There’s an awful lot of Cindy Sherman at the San Francisco Museum of Modern Art. Aside from the works the museum has in its permanent collection (though not currently on display), there is Sherman’s retrospective fresh from the MoMA in New York. Then there’s the fact that there is so much of Cindy Sherman in the retrospective itself. Nearly all of the images feature her as the sole or primary subject. Indeed, in general terms, Cindy Sherman is a highly visible artist — this show being her third major retrospective in the United States since 1987. One could be forgiven for thinking they were over familiar with her and that, I suppose, is partly the point.
Since the series, “Untitled Film Stills” catapulted her to fame in the 1980s, Cindy Sherman has been unashamedly front and center in her art. While exploring themes as diverse as femininity, perception, history and art itself, the crux of Sherman’s endurance as an artist is her bemusing and somewhat paradoxical ability to be both a primary character in her artwork, while also using her gifts of impersonation to be endlessly malleable as both artist and subject. At times, it’s impossible to say whether she is a highly visible artist or a deeply hidden one, vanishing beneath layers of make up and her large, oblique compositions It’s a theme echoed in the names she gives, or rather withholds from her artwork: they are all “Untitled” followed by a plain gallery number.
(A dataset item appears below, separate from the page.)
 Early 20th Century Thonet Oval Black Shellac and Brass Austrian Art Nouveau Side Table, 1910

There is a tension in this retrospective between Sherman the artist and Sherman the mime. Sanford Schwartz of the New York Review of Books said of the New York retrospective that he had originally thought Sherman the artist to be “at the beck and call” of Sherman the mime. In a medium so effortlessly mimetic as photography — and with the advent of Photoshop, so hyper-realistically anti-mimetic also — the subject’s artistry is equally important as that of the artist. Sherman draws attention to this fact by being both simultaneously.
She gently plays with this idea in her 1980s series of history portraits, one of the few instances she directly quotes from real sources. In these, she usually relies on nondescript approximations of places that hint at films or popular culture without completely representing them.
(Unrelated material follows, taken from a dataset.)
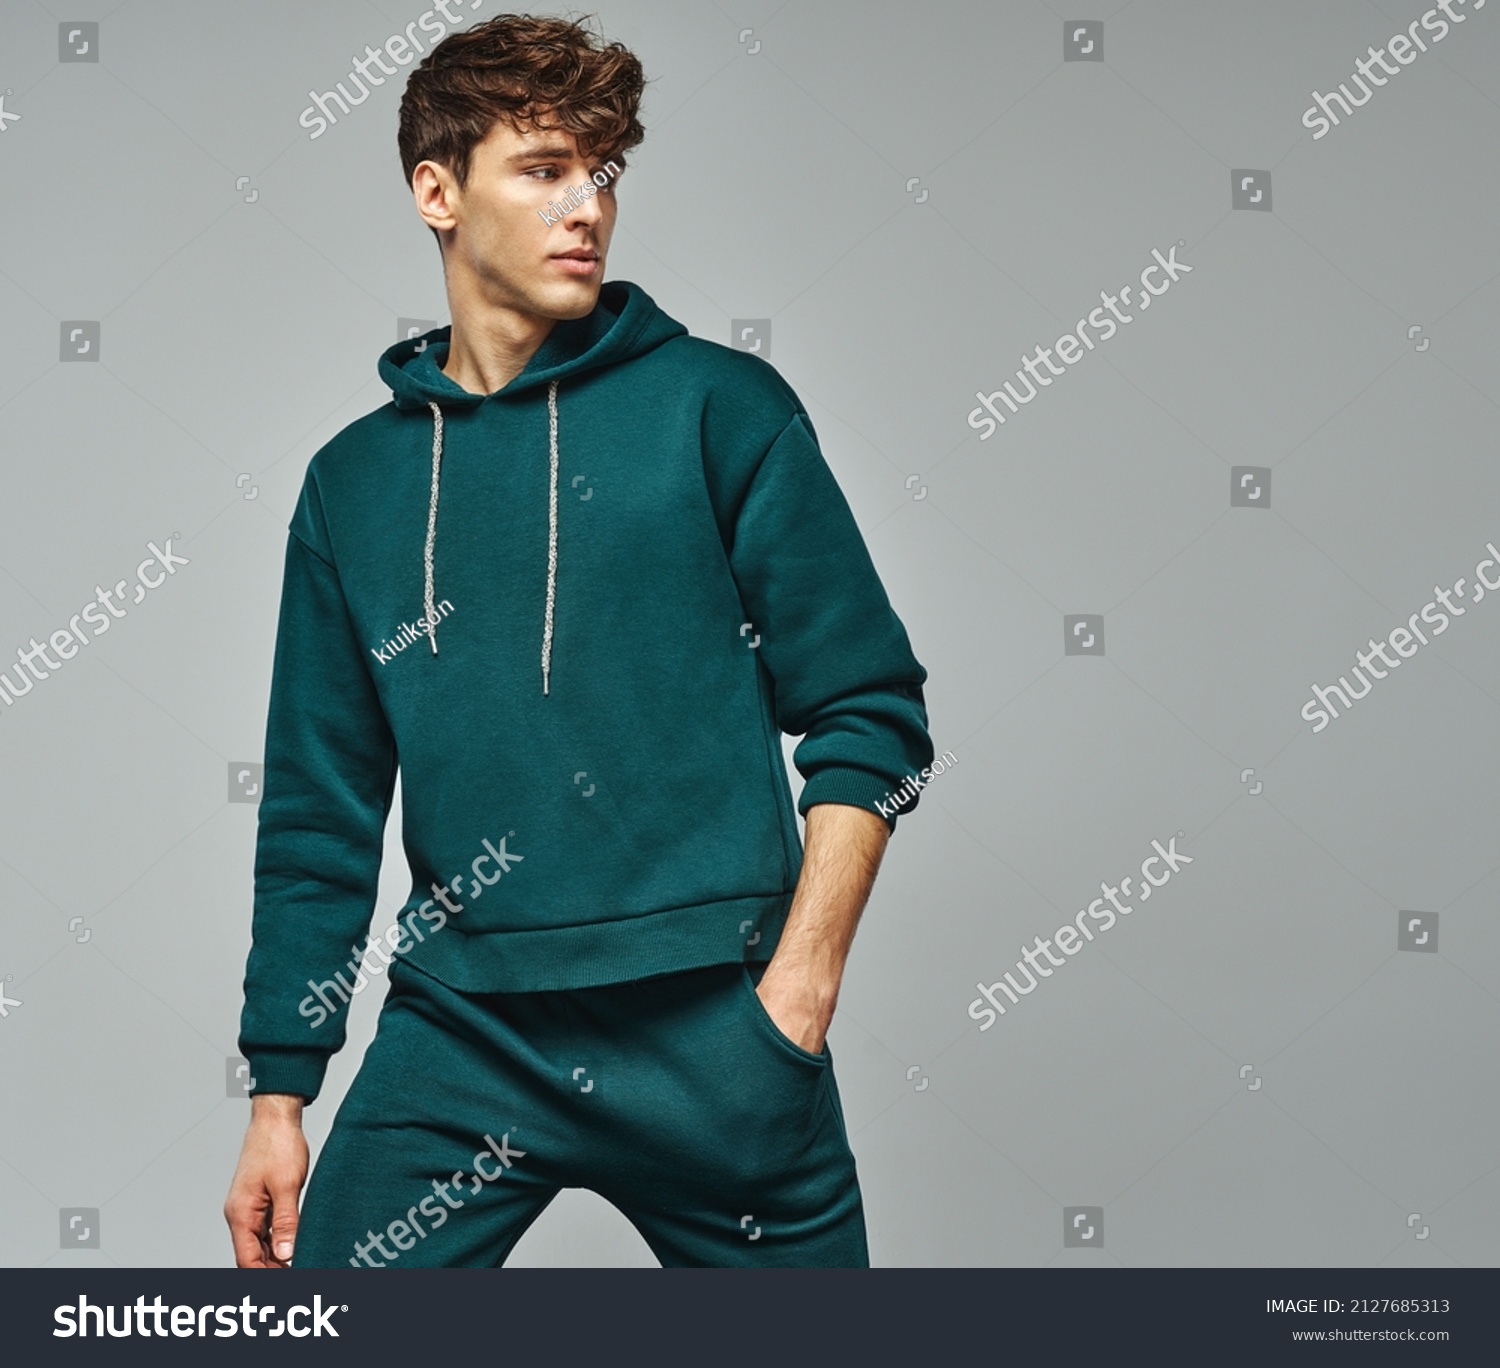 Handsome man wear of green set of track suit isolated on grayl background #2127685313

In this series, amongst the usual familiar-yet-alien images, Sherman postures herself as figures from paintings of old masters — Ingres, Raphael and, most memorably, Caravaggio. Her Caravaggio is a parody of his “Self-portrait as Bacchus”. This is a loaded image. As a woman, she has inserted herself into a sort of patriarchal artistic chain of being. She is a woman impersonating a man impersonating a deity. She has consistently denied any theoretical feminist subtext to her works, insisting that she is mainly a proponent of the visceral approach to feminism. Looking at her faux-Caravaggio, brilliantly hung against an ochre backdrop in the stacked form of a classic Renaissance gallery, it’s impossible not to agree with her.
The exhibition is curated in a roughly chronological fashion. There are certain exceptions like the a monumental picture (in reality a triptych of canvases) from 2011 that is arranged alongside Sherman’s first foray into wide format photography, her “Centerfolds” series. It’s a provocative arrangement in an exhibition that mainly plays it safe with its arrangement. Sherman’s darker, more shocking work is alluded to in a room with her 1980s gore pictures (though small in number, they are large in format as well as impact).
Aside from the ideas that span the exhibition, there are some truly impressive individual works. “Untitled 43” from 1979 is a brilliant evocation of the entire “Film Stills” series pitting Sherman, alone against the backdrop of Monument Valley. The dislocation between subject and backdrop almost echoes that between subject and artist and is something Sherman returns to time and time again.
No one needs to be reminded that this is an important show. The posters advertising it cover nearly every street Market to Telegraph. Sherman has won that rare almost universal acclaim from the art world that can be a double-edged sword, one that blunts the sharp and subversive wit that shot her to fame. For all her ubiquity inside and outside the gallery, Cindy Sherman is greatly deserving; standing in front of her monumental portraits, or surrounded by all 69 of her “Film Stills,” one experiences the draw of her enigmatic photographic and performance skills that keep audiences coming back to the gallery time and time again.